Egypt can move up in next year's Doing Business ranking, says expert

Sherine El Madany
5 Min Read

CAIRO: After ranking as the world’s top reformer in the Doing Business Report 2008, Egypt still needs to simplify license registration, contract enforcement, tax procedures, as well as arbitration of economic and trade disputes, said the World Bank.

“Egypt had a very broad sense of reforms, and hence scored top on the list of reformers, explained Michael Klein, World Bank’s vice president for private sector development. “But still there is a lot of scope for reform.

He added that in Egypt, despite sizeable reforms, more improvements needed to be made in areas including employing workers, protecting investors, paying taxes, enforcing contracts, and closing a business.
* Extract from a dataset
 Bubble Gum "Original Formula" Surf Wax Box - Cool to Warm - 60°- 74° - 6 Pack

Doing Business 2008 ranks 178 economies on the ease of doing business procedures including starting a business, running a business, as well as closing a business in case of bankruptcy. This year, Egypt ranks 126, up from last year’s 165.

According to the report, Egypt’s most improved area is trading across border, whereby the country has significantly reduced time and cost of procedures required to import and export commodities.
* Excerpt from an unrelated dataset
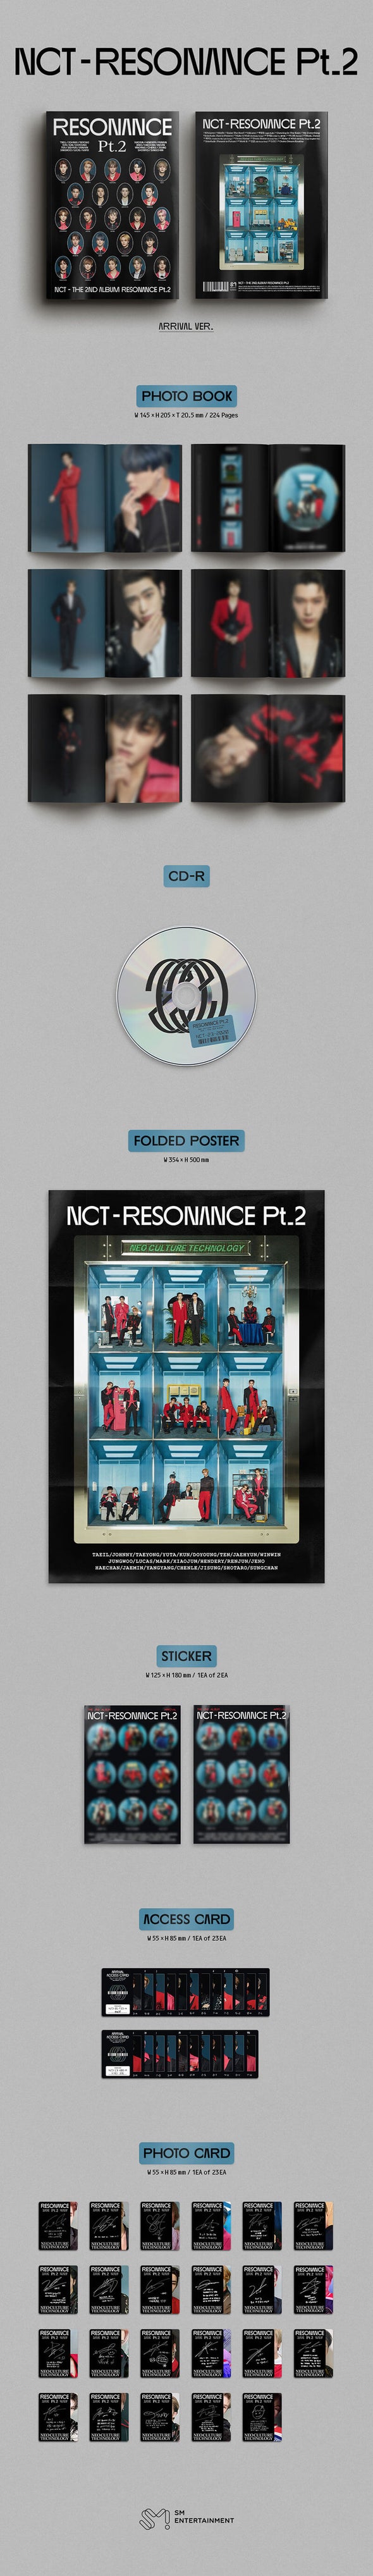 NCT - Resonance Pt.2 The 2nd Album

On the other end of the spectrum, Klein said, Egypt doubles the rest of the world in enforcing contracts in terms of number of procedures, cost, and time. “There are long delays in the system, and there is a need to establish specialized courts that might speed that up.

Establishing a credit bureau is another way Egypt can enhance its business start-up procedures. “Credit bureaus are important because they create information on people and whether or not they pay back their loans. And when banks have this information, they get more aggressive on lending.

He pointed out that when a country facilitates its business environment by, for example, cutting costs of property registration or reducing tax rates, business expands. In turn, this means more revenues for the country.

“There exists a positive correlation between reform efforts and investment returns in a country, he said. “The easier the business environment is, the more companies are created in a country year after year.

“The more reforms, the higher the returns for investors. And investors like to go to a country where the business environment is improving, he said. “The trick is to pick a country where the system is still difficult but where the country is aggressive on reform.because more reforms mean higher equity returns.

When a country facilitates its business procedures, he added, it also creates more employment at better salaries because people can get out of the informal sector. “More complexity gives rise to more corruption, while a simpler business environment helps people move from the informal to the formal.

Indeed, Egypt’s efforts to facilitate business in the last years are starting to bear fruit, attracting investors and generating growth. Foreign direct investment, in particular, has grown from a few millions to $11.1 billion, which constitutes 8.6 percent of GDP.

“Every business procedure that gets improved such as paying taxes is in the public’s best interest, regardless of whether they are business people or not, said Minister of Investment Mahmoud Mohieldin. “Improving our ranking will deliver more jobs, generate more income, and eventually alleviate poverty.

Next year’s Doing Business Report will broaden its range to include new indicators: transparency and procurement laws, corruption rates, and infrastructure, measuring what it takes for a business to connect to telecommunication, electricity, and water facilities.

“If the reform process is sustained, Egypt will have a very good chance to go up the ladder in next year’s ranking, Klein said. “Egypt jumped 39 places in one year, and thus it is very realistic for Egypt to jump from the current 126 to the [early] 100s in a very short time.